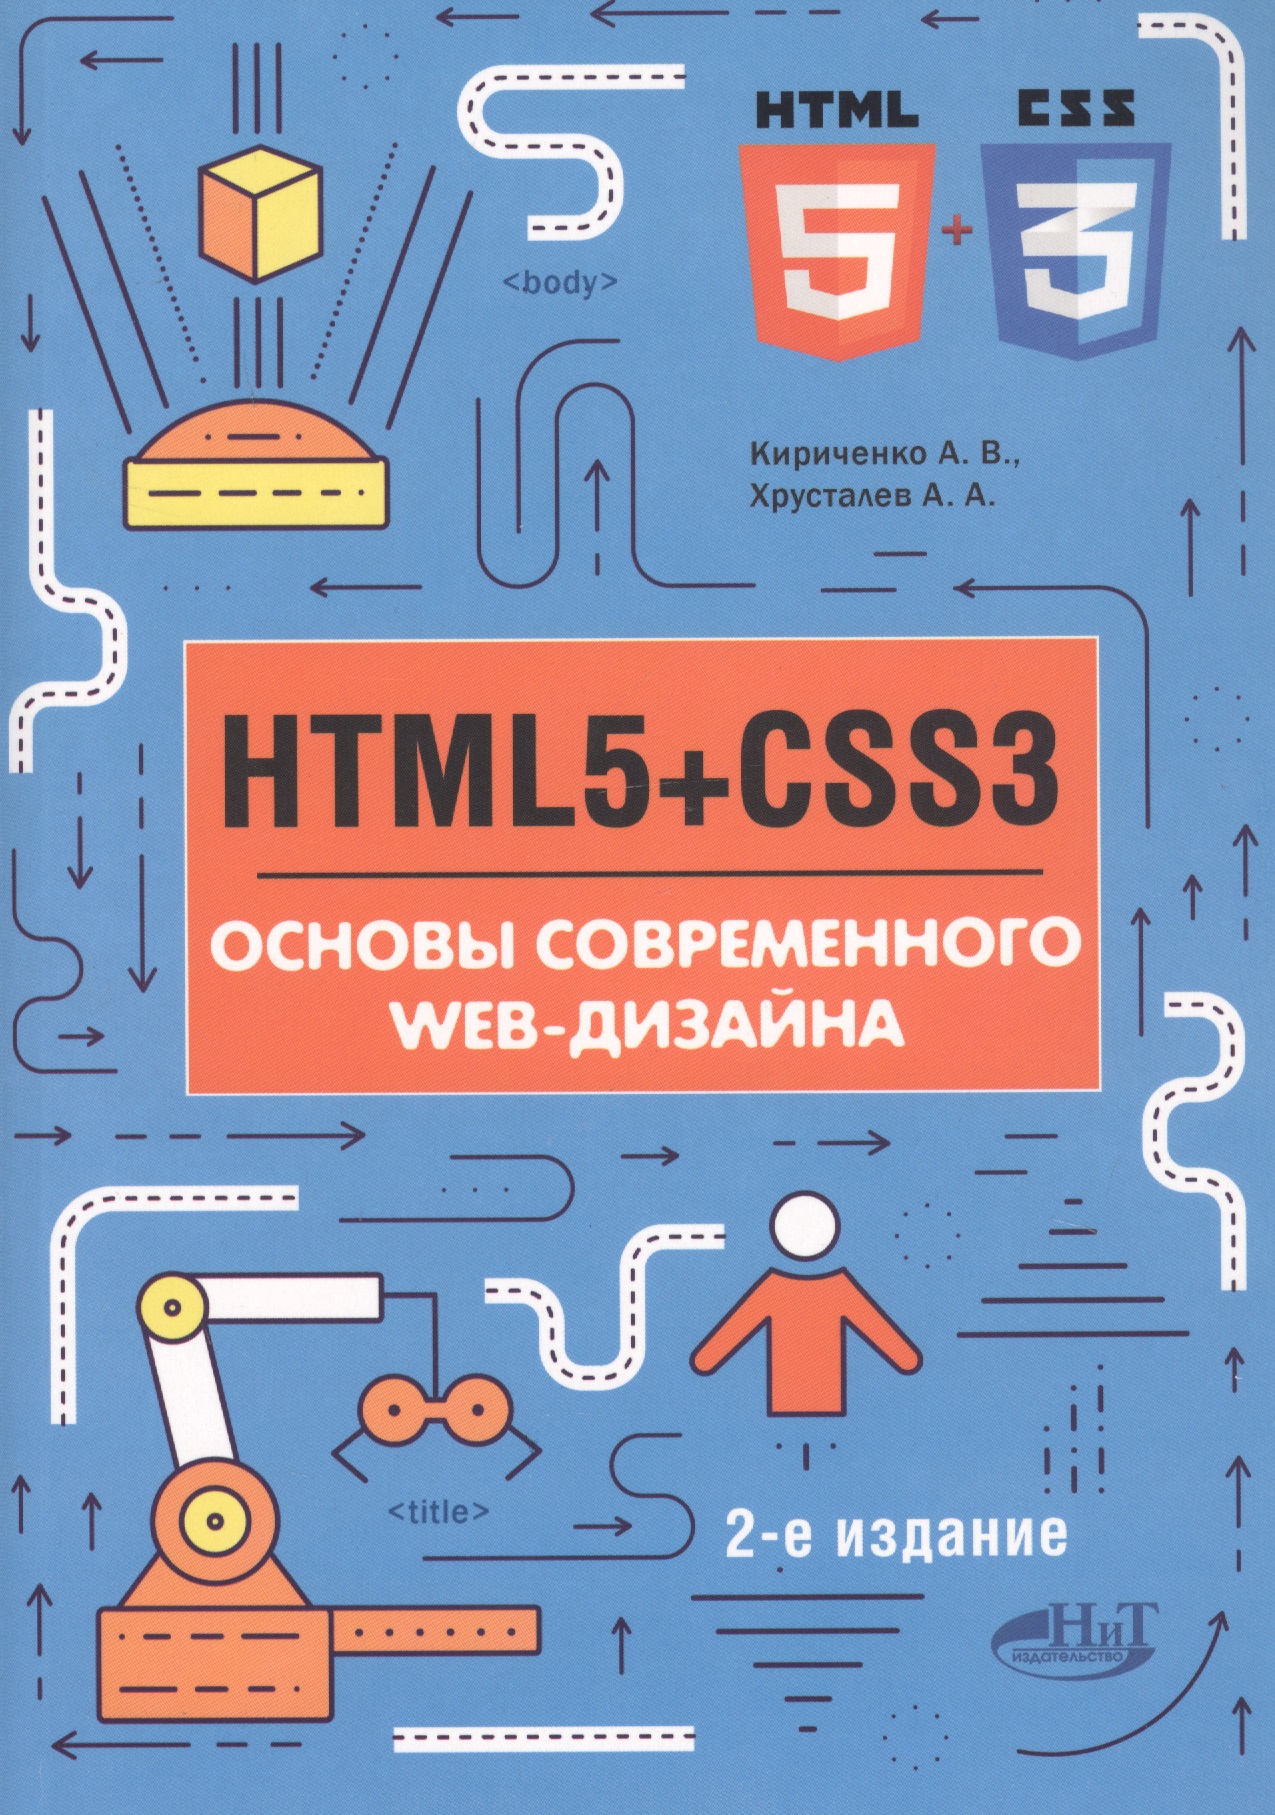 Ковпак Дмитрий Викторович HTML5+CSS3. Основы современного WEB-дизайна никсон р html5 и css3 мастер класс
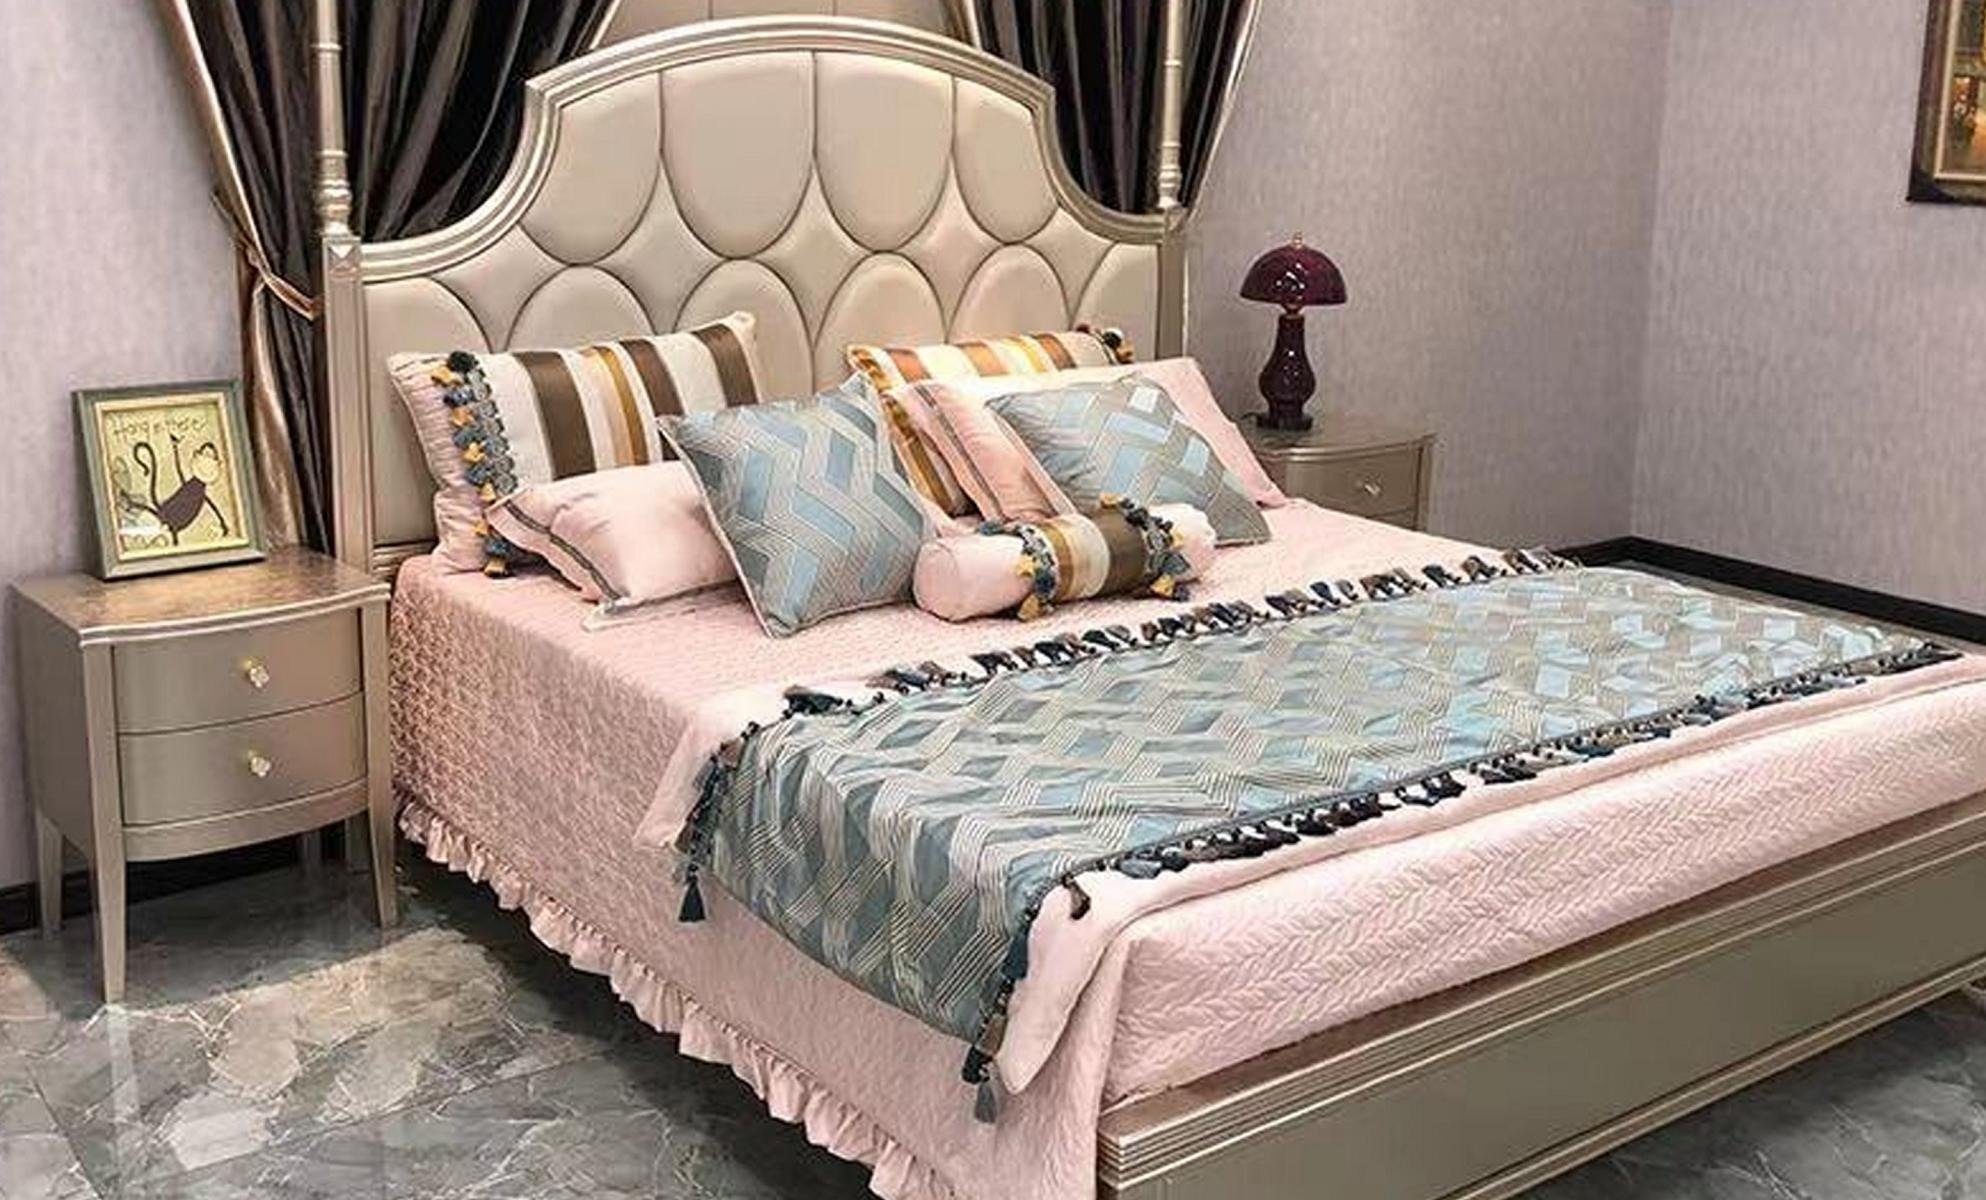 JVmoebel Bett, Beige Holz Luxus Betten Bett Doppelbett Bettrahmen Bettgestelle
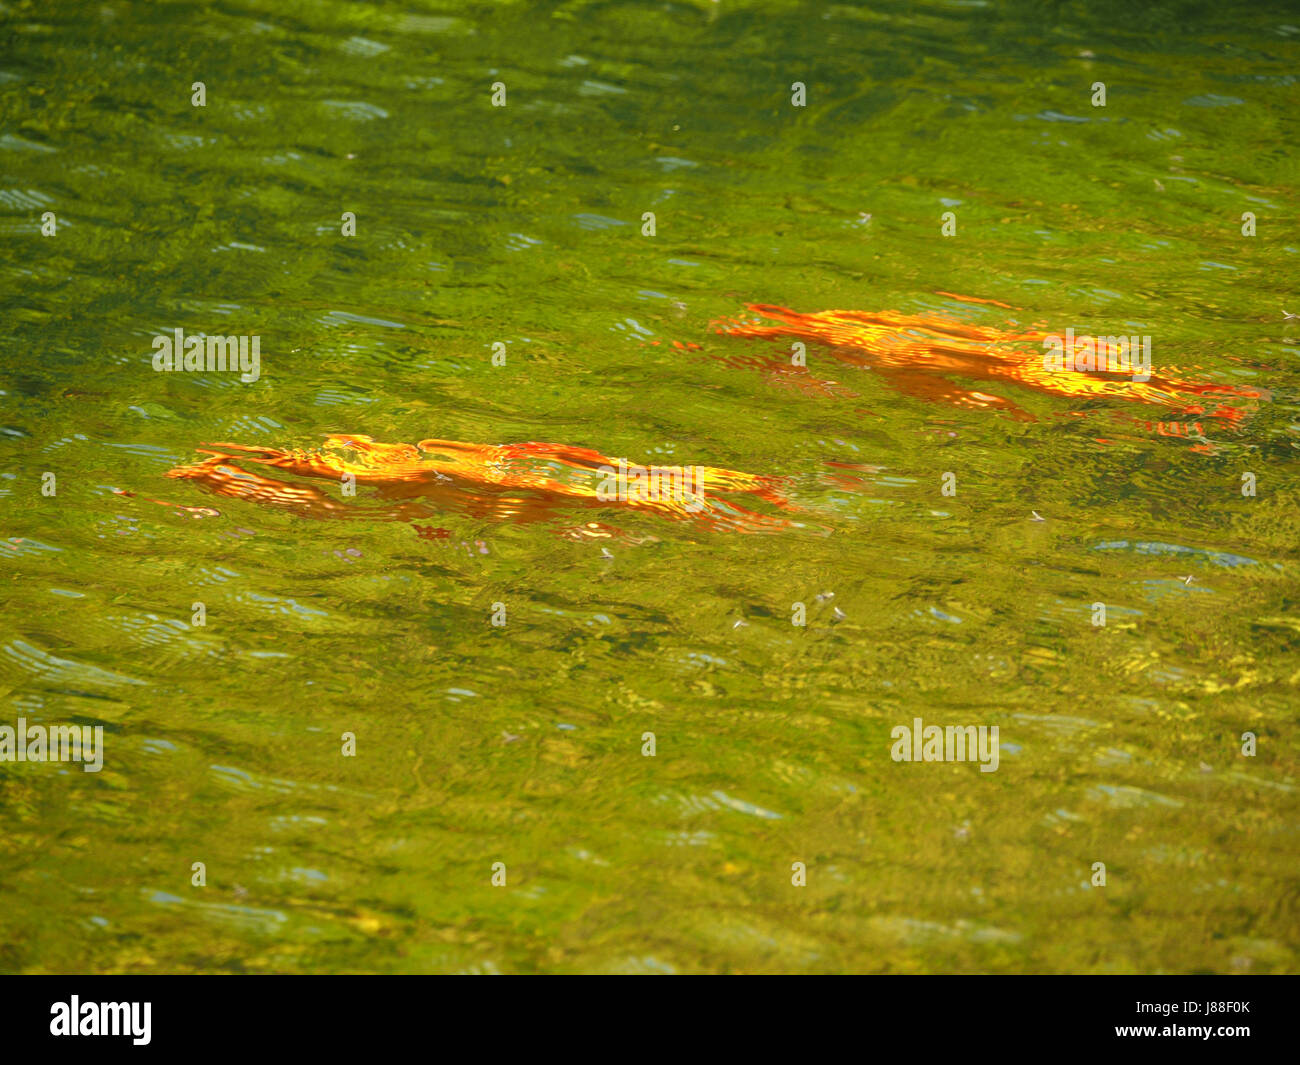 Koi Carp goldfish (Cyprinus carpio) swimming in pond in Yorkshire, England UK Stock Photo
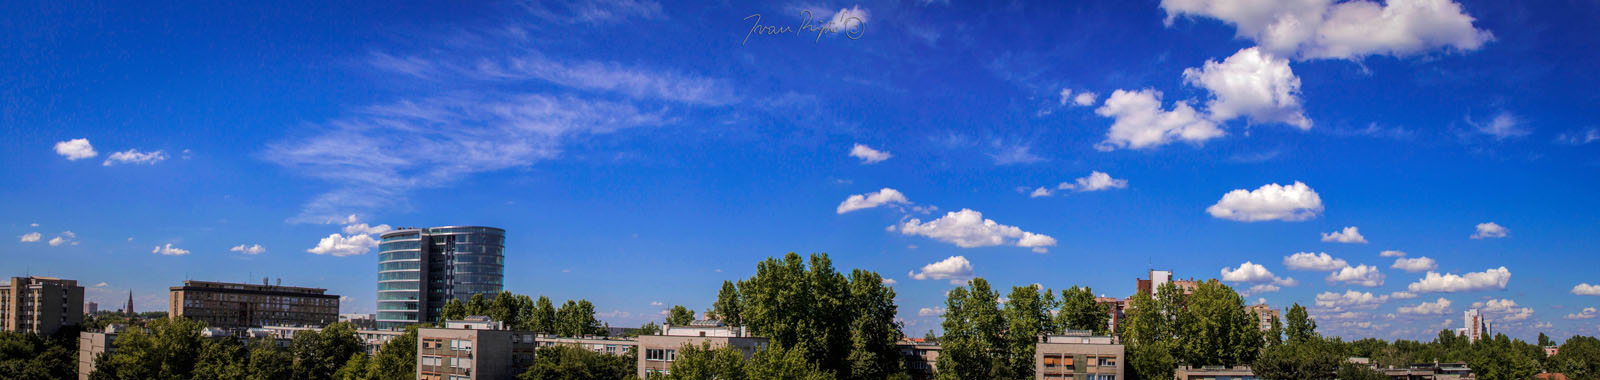 Panorama grada

Foto: Ivan Ripi

Kljune rijei: panorama grada
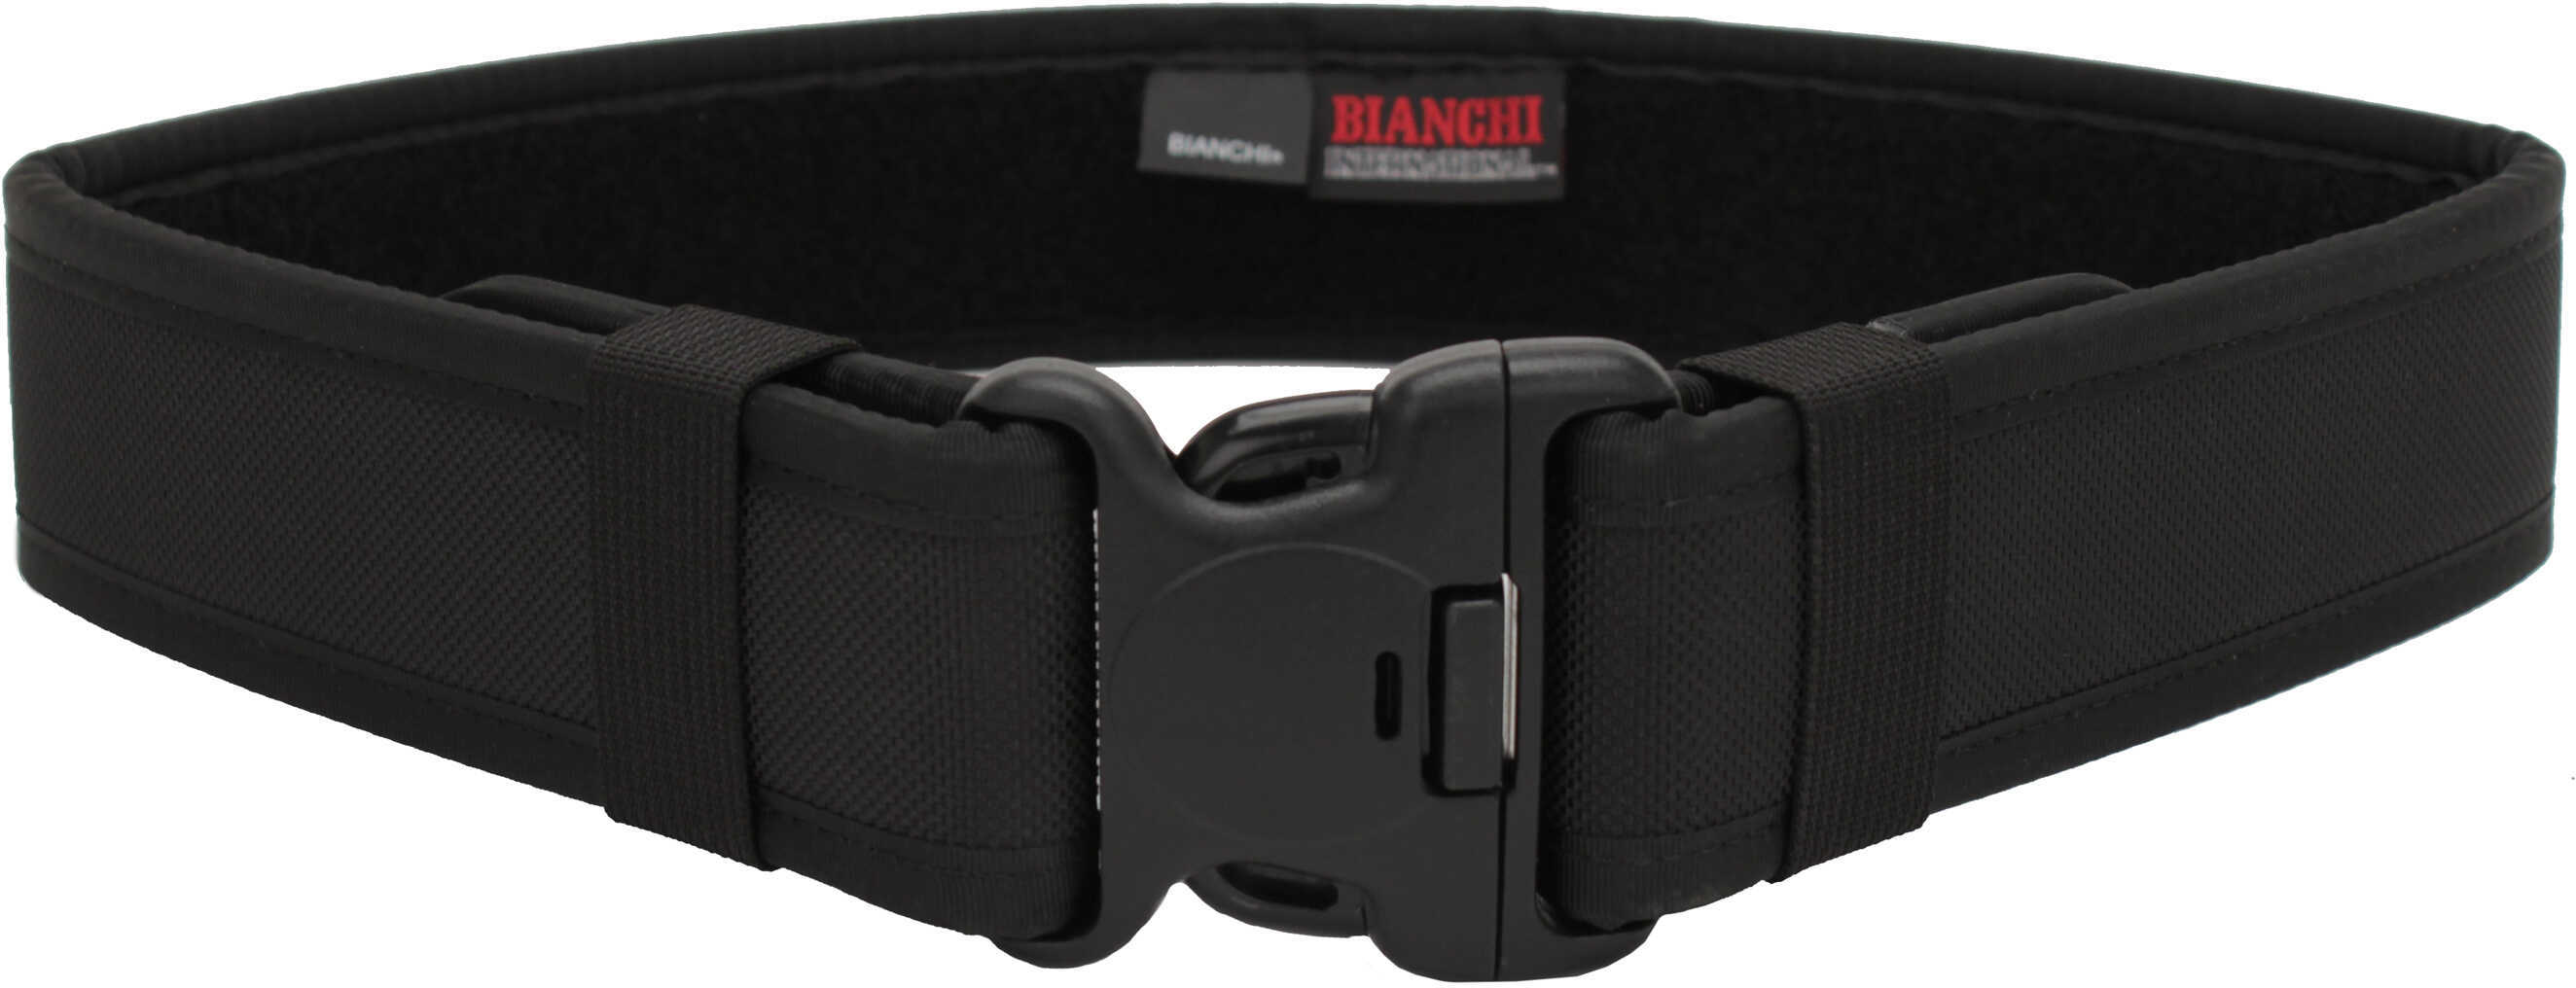 Bianchi Model 7200 Duty Belt 2.25" 40-46" Large Nylon Black Finish 17382

* * * * * * *

■ WHAT YOU ARE ASKED TO DO
Once the pictures are set aside, transcribe the remaining lines above exactly.

■ YOUR RESPONSE
 Ковпак Дмитрий Викторович HTML5+CSS3. Основы современного WEB-дизайна никсон р html5 и css3 мастер класс
 JVmoebel Bett, Beige Holz Luxus Betten Bett Doppelbett Bettrahmen Bettgestelle
 Koi Carp goldfish (Cyprinus carpio) swimming in pond in Yorkshire, England UK Stock Photo
 Panorama grada

Foto: Ivan Ripi

Kljune rijei: panorama grada
 Bianchi Model 7200 Duty Belt 2.25" 40-46" Large Nylon Black Finish 17382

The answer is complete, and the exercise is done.